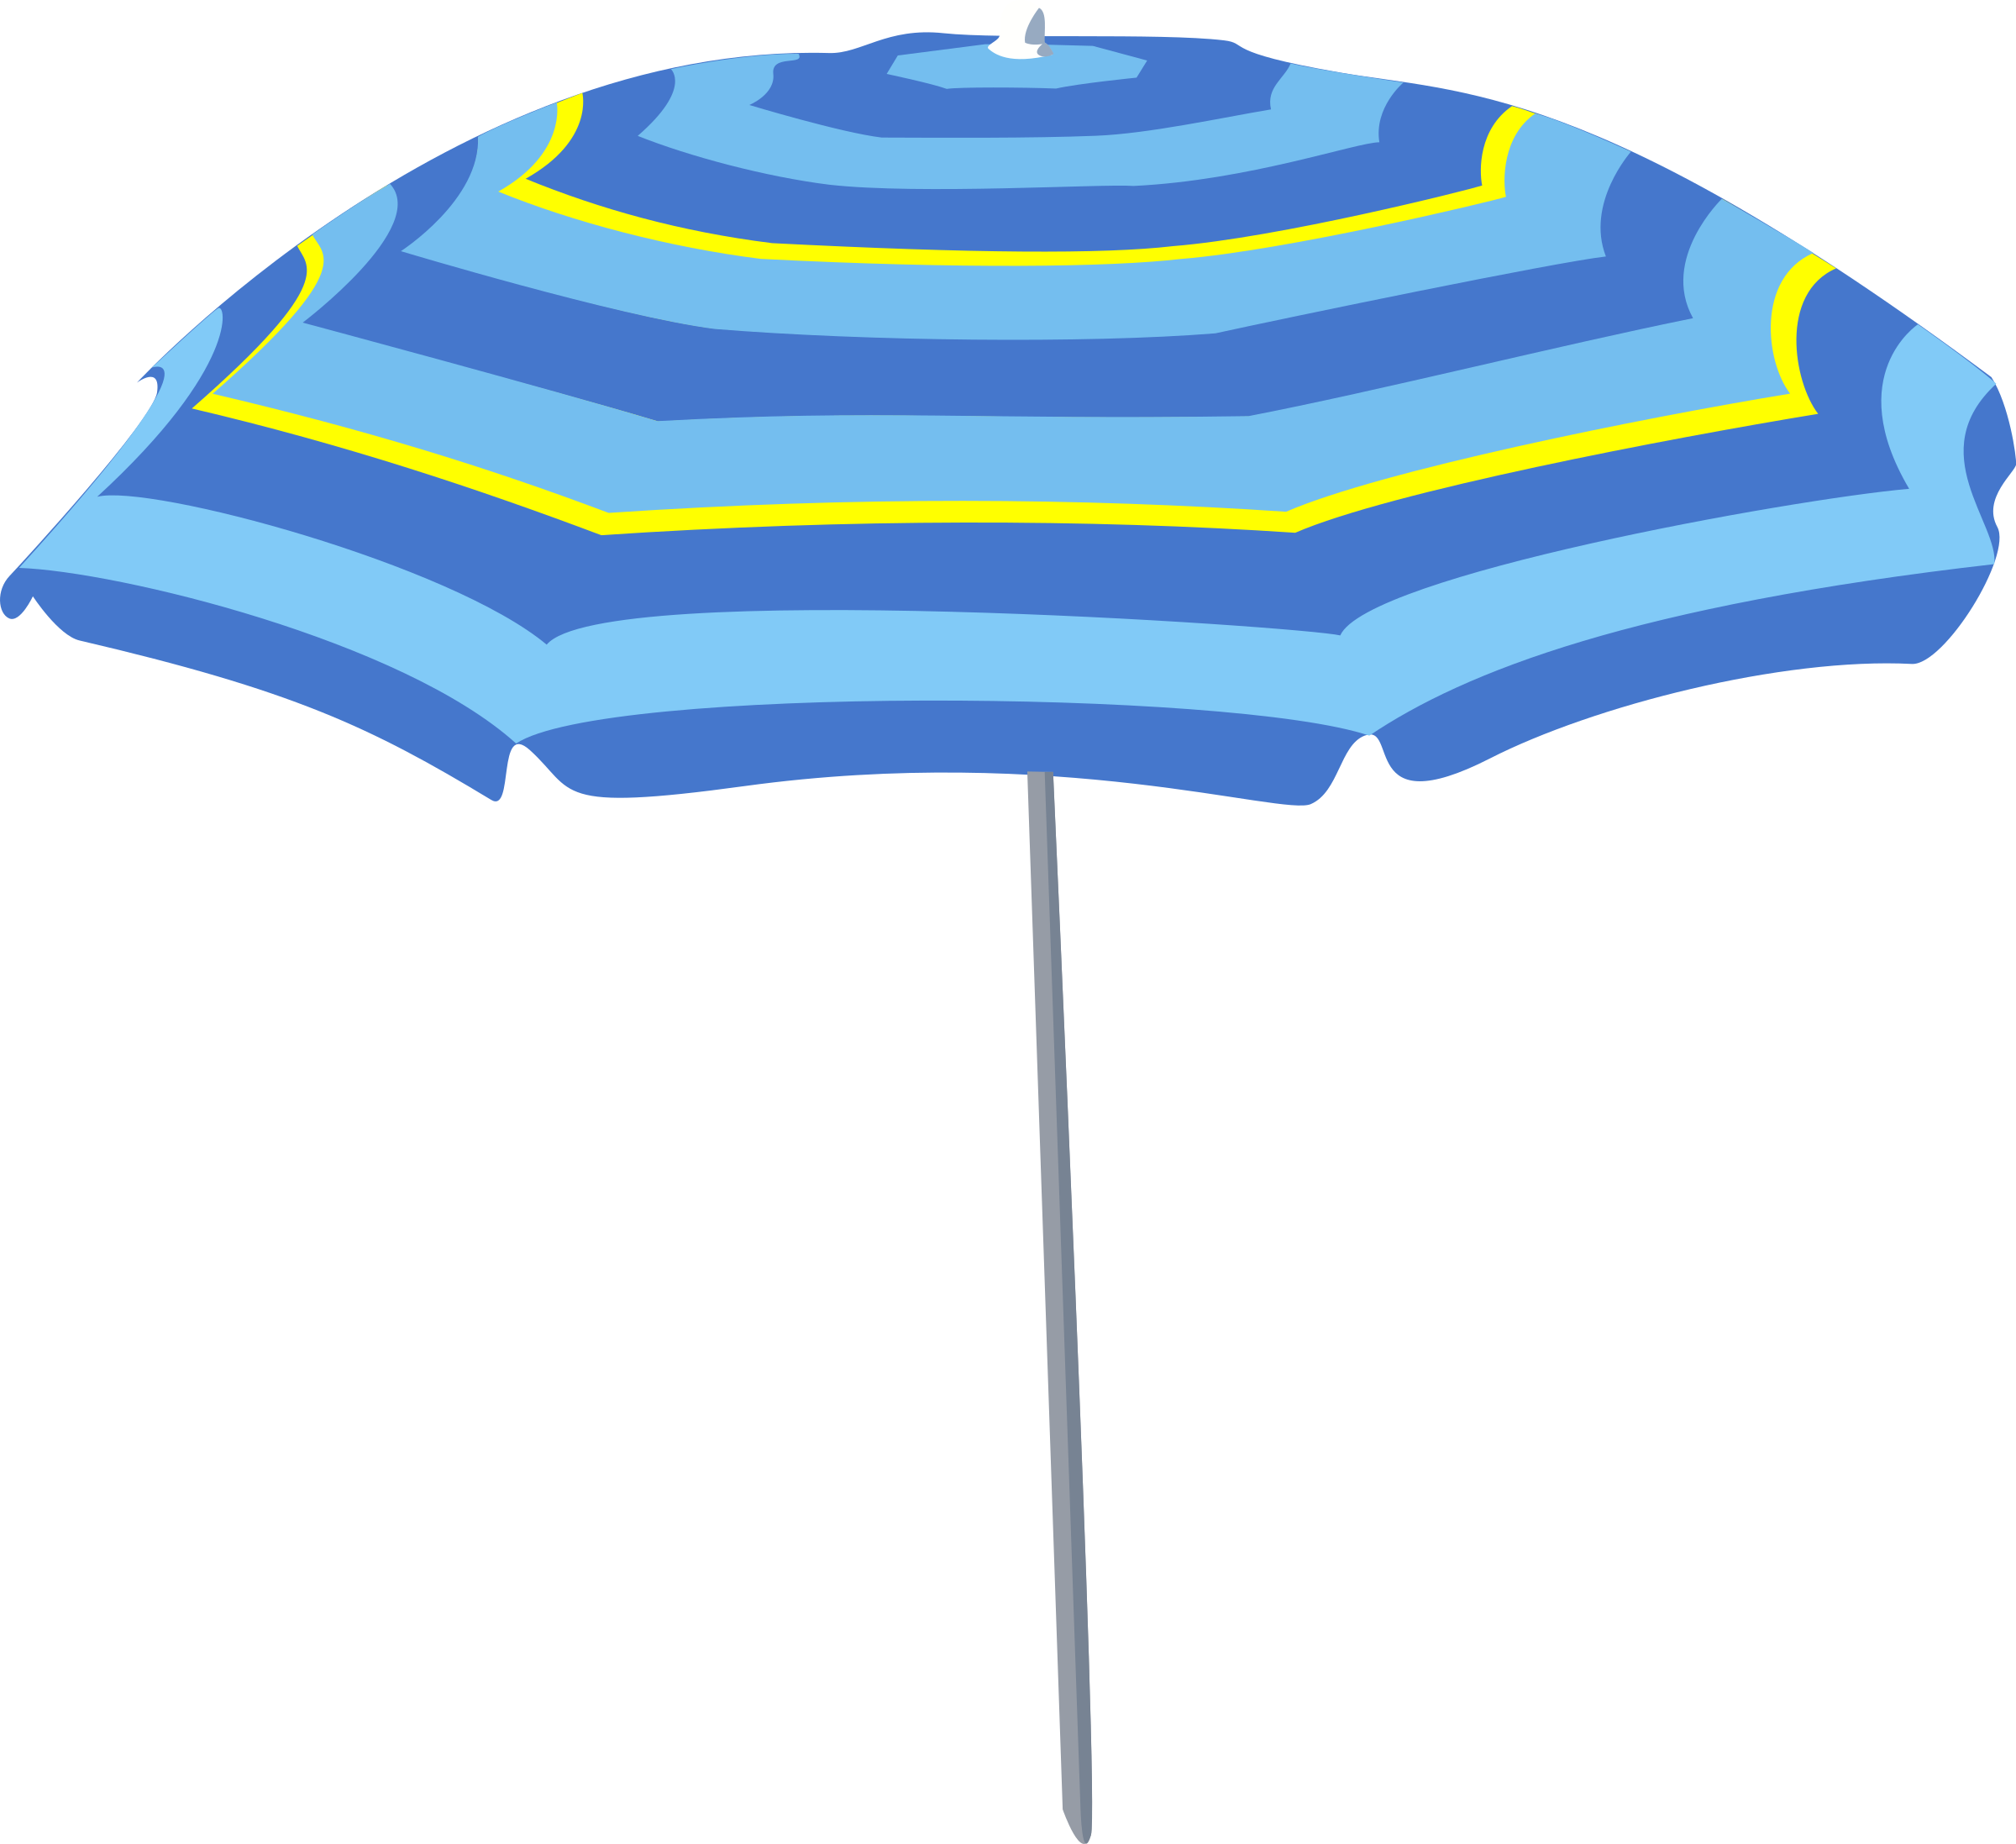 Umbrella clipart large Art Umbrella Clipart – Large
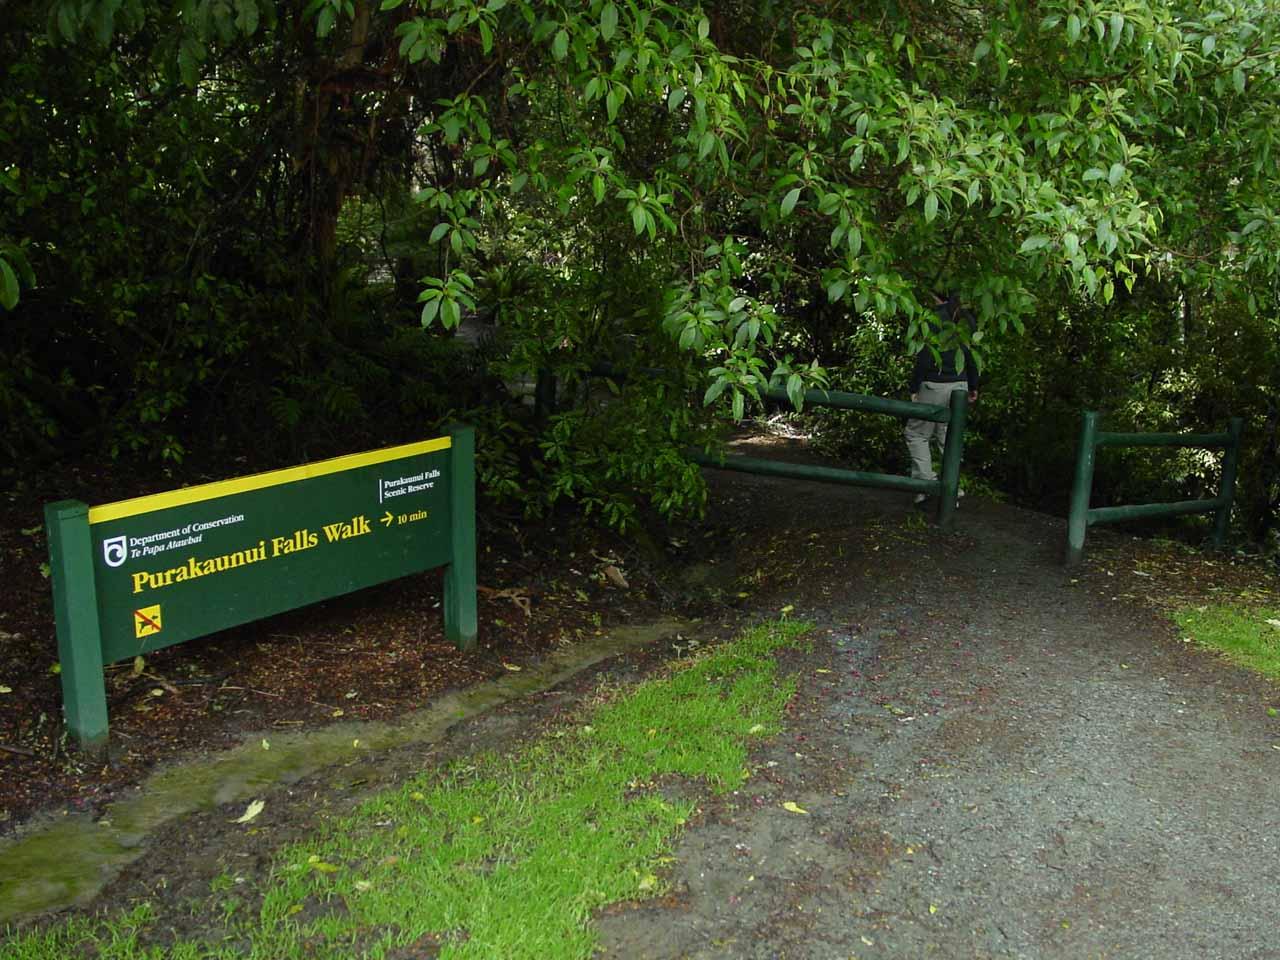 Julie going past the signposted trailhead for Purakaunui Falls
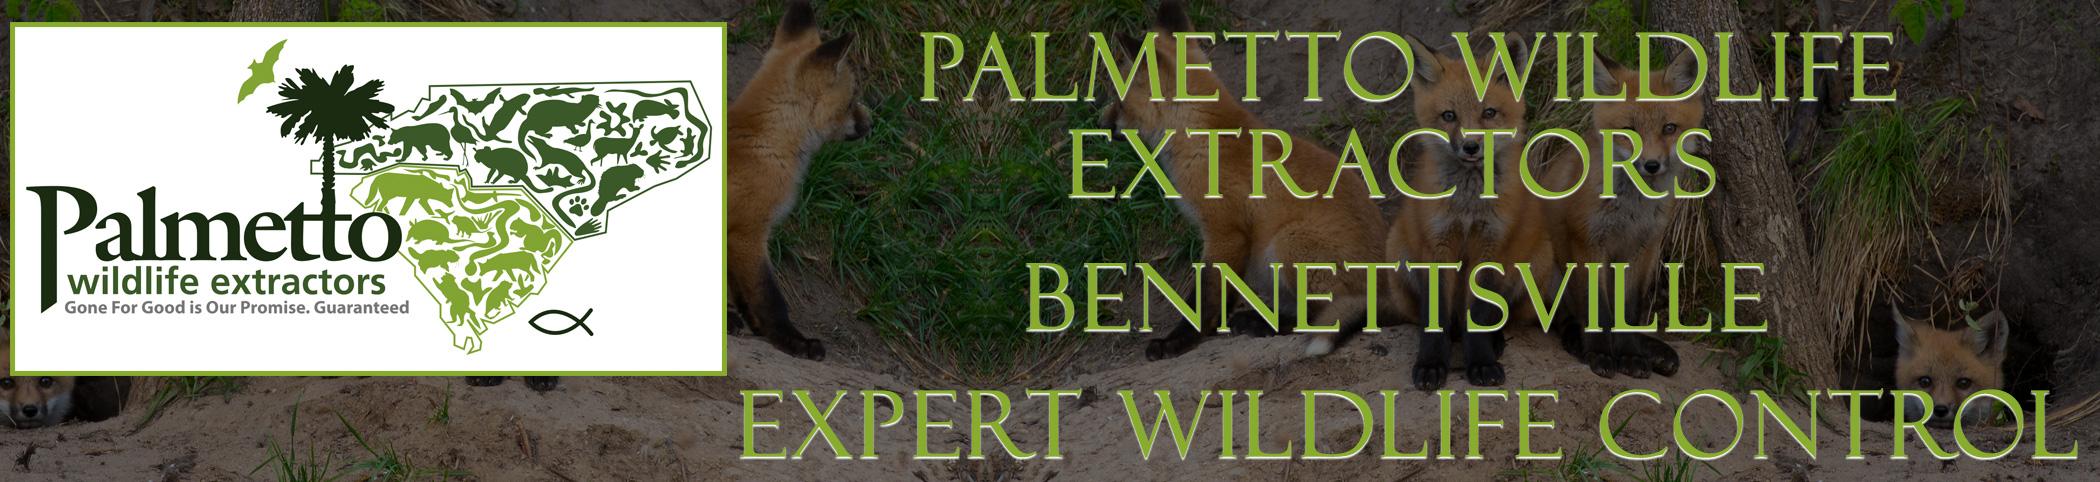 Palmetto Wildlife Extractors Bennettsville south carolina header image
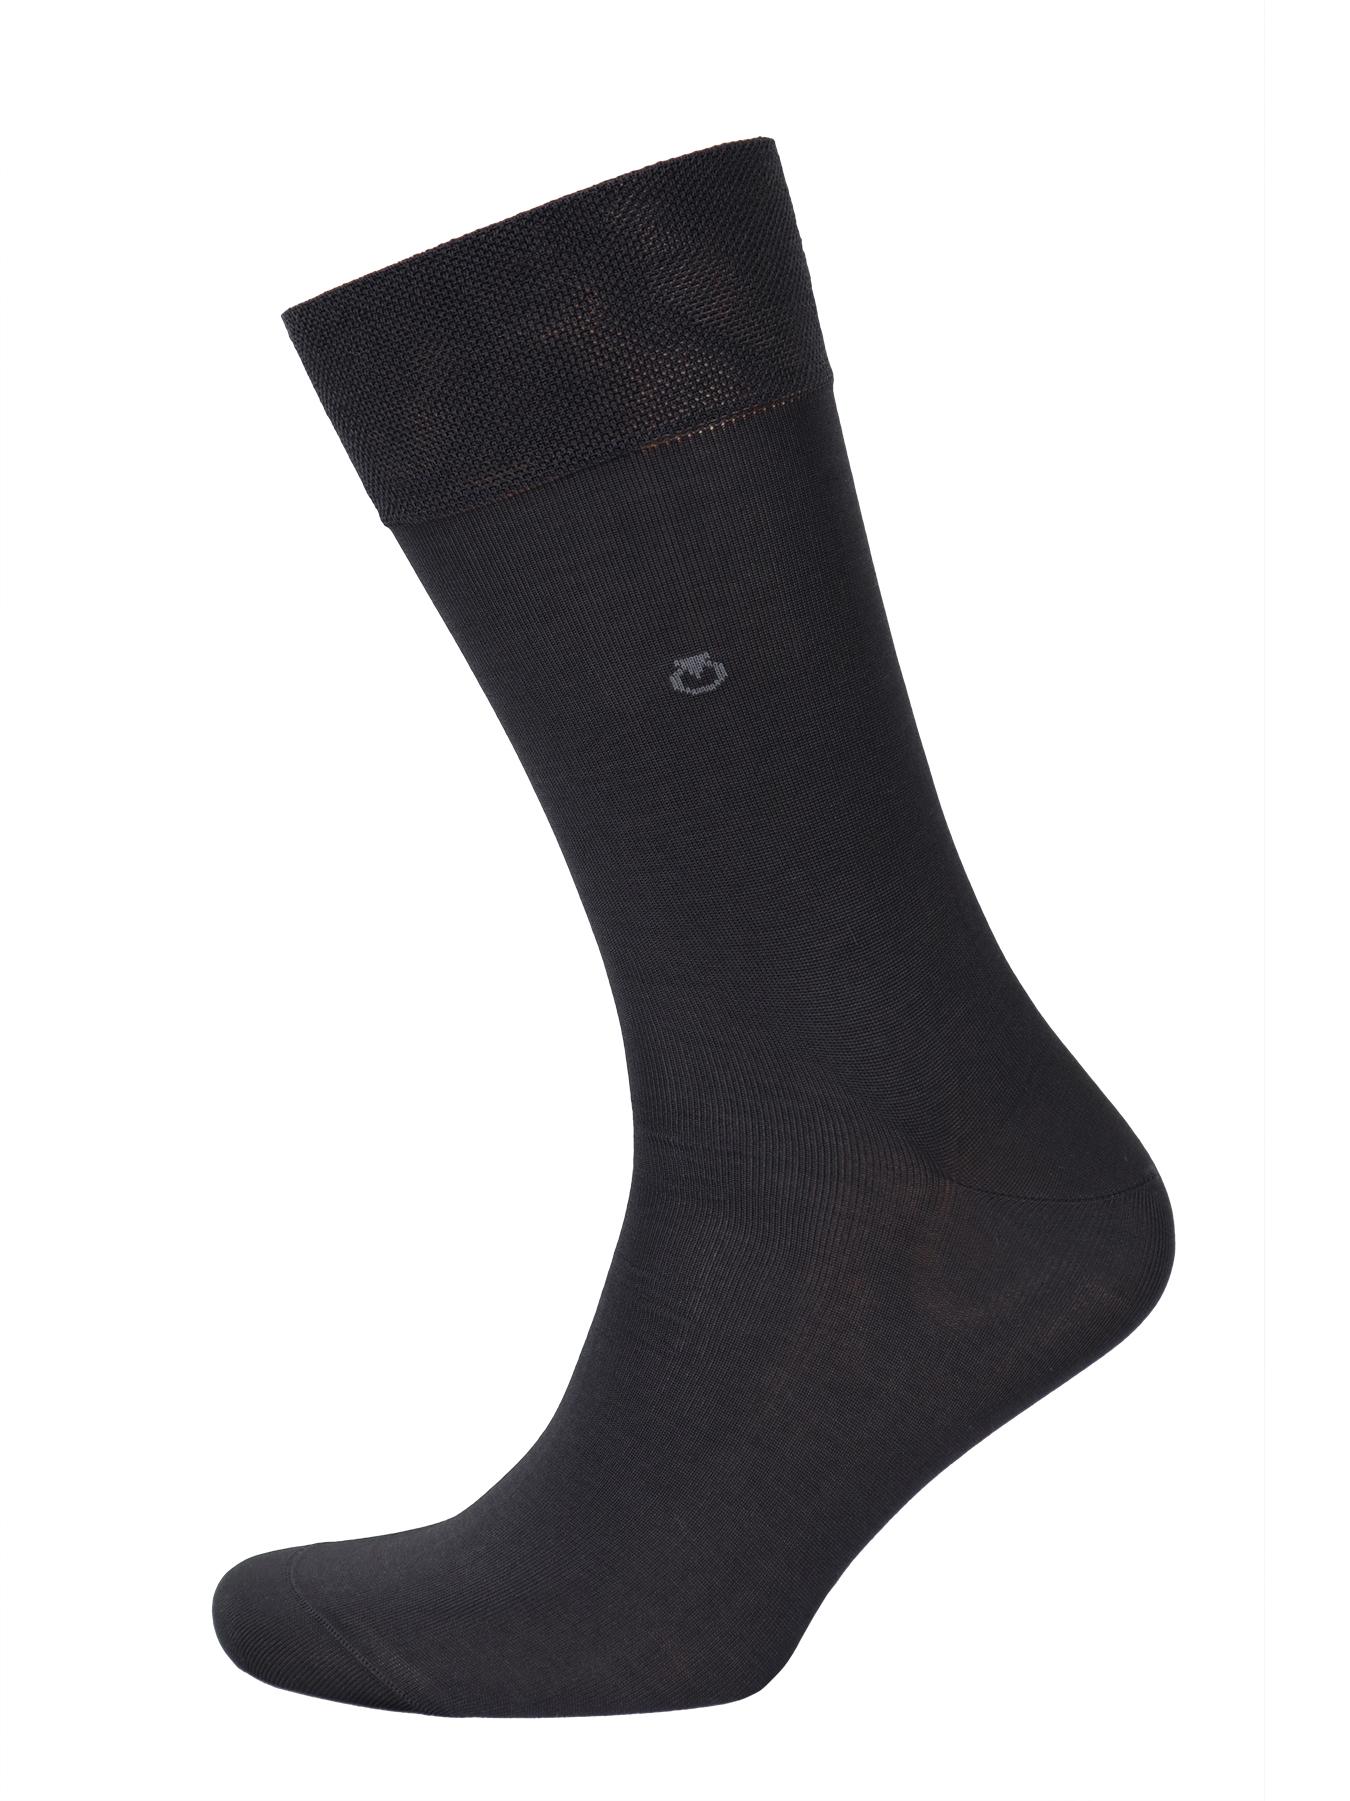 Мужские носки Opium Premium темно-серый

◆ ◆ ◆ ◆ ◆

What is needed: Quote exactly the lines from the line that contains "Palmetto Wildlife Extractors" through the last line of the listing, please, leaving out all pictures.

Exercise solution:
 Palmetto Wildlife Extractors Bennettsville south carolina header image
 Мужские носки Opium Premium темно-серый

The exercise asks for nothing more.